The downside, is that human language is inherently nuanced, and computers (as you may have noticed) think very differently than we do. In order for an analysis to capture this nuance, the tools and techniques for text analysis need to be set up with care, especially when the analysis becomes more complex.

There are a number of different types of text analysis. In this lesson we will show some simple examples of two: word frequency, and HOPEFULLY sentiment analysis. Maybe some word clouds.

Much of the information covered in this chapter is based on Text Mining with R: A Tidy Approach by Julia Silge and David Robinson. This is a great book if you want to go deeper into text analysis.

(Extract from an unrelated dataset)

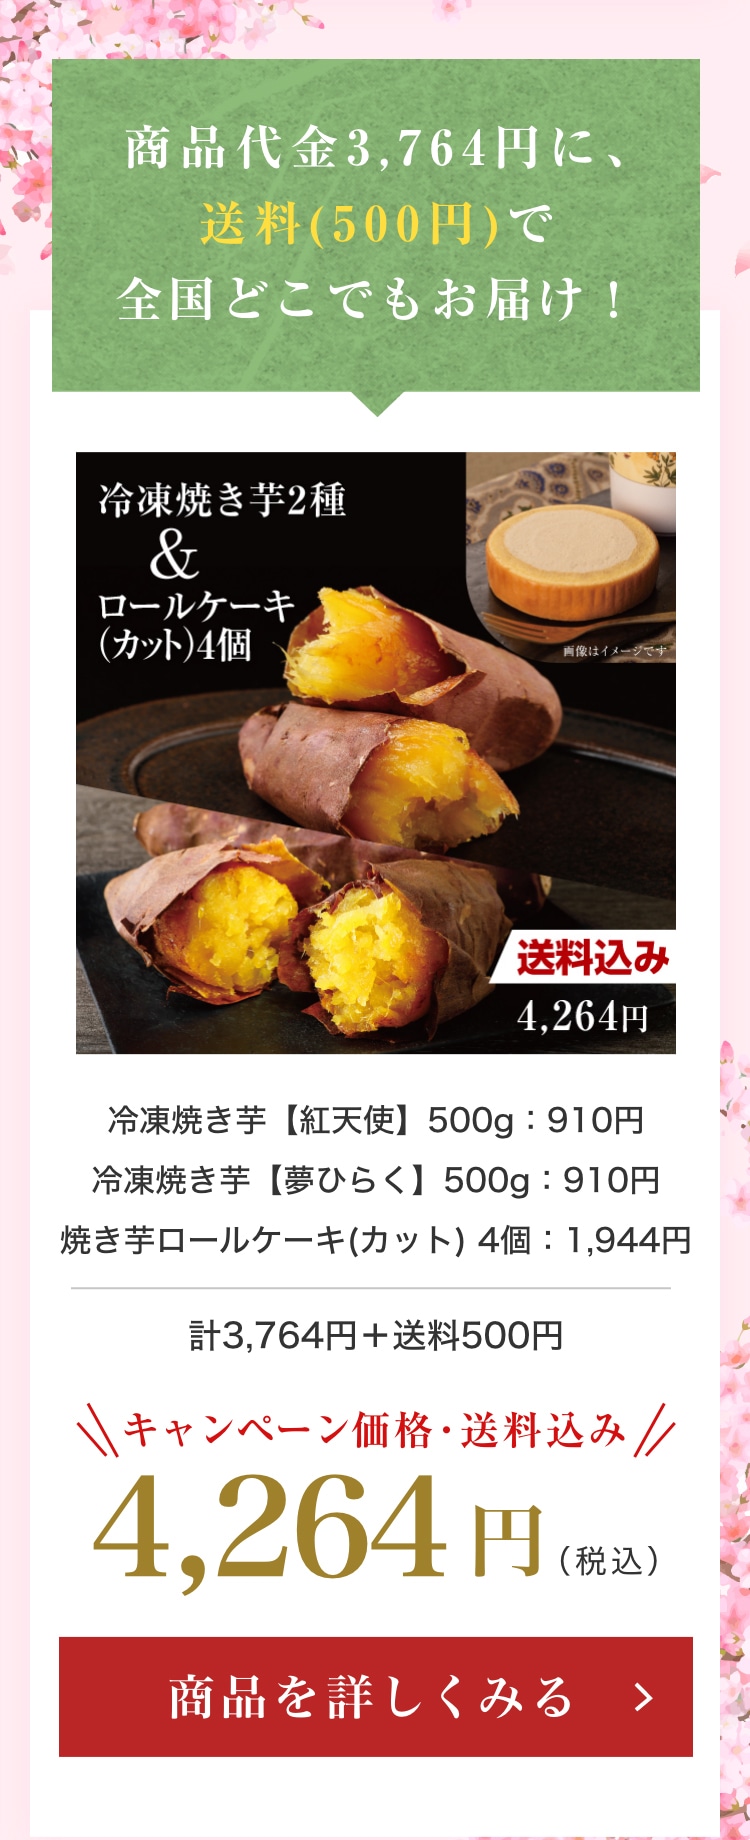 冷凍焼き芋紅天使 500g + 冷凍焼き芋夢ひらく 500g + 焼き芋ロールケーキ(カット)４個

In general, Text mining is the process by which unstructured text is transformed into a structured format to prepare it for analysis.

This can range from the simple techniques we use in this lesson, to much more complicated processes such as using OCR (optical character recognition) to scan and extract text from pdfs, or web scraping.

The big takeaway I want to impart to all of you today is: once text is in a structured format, analysis can be performed on it.

And we'll be practicing some techniques today to get unstructured text into a structured format.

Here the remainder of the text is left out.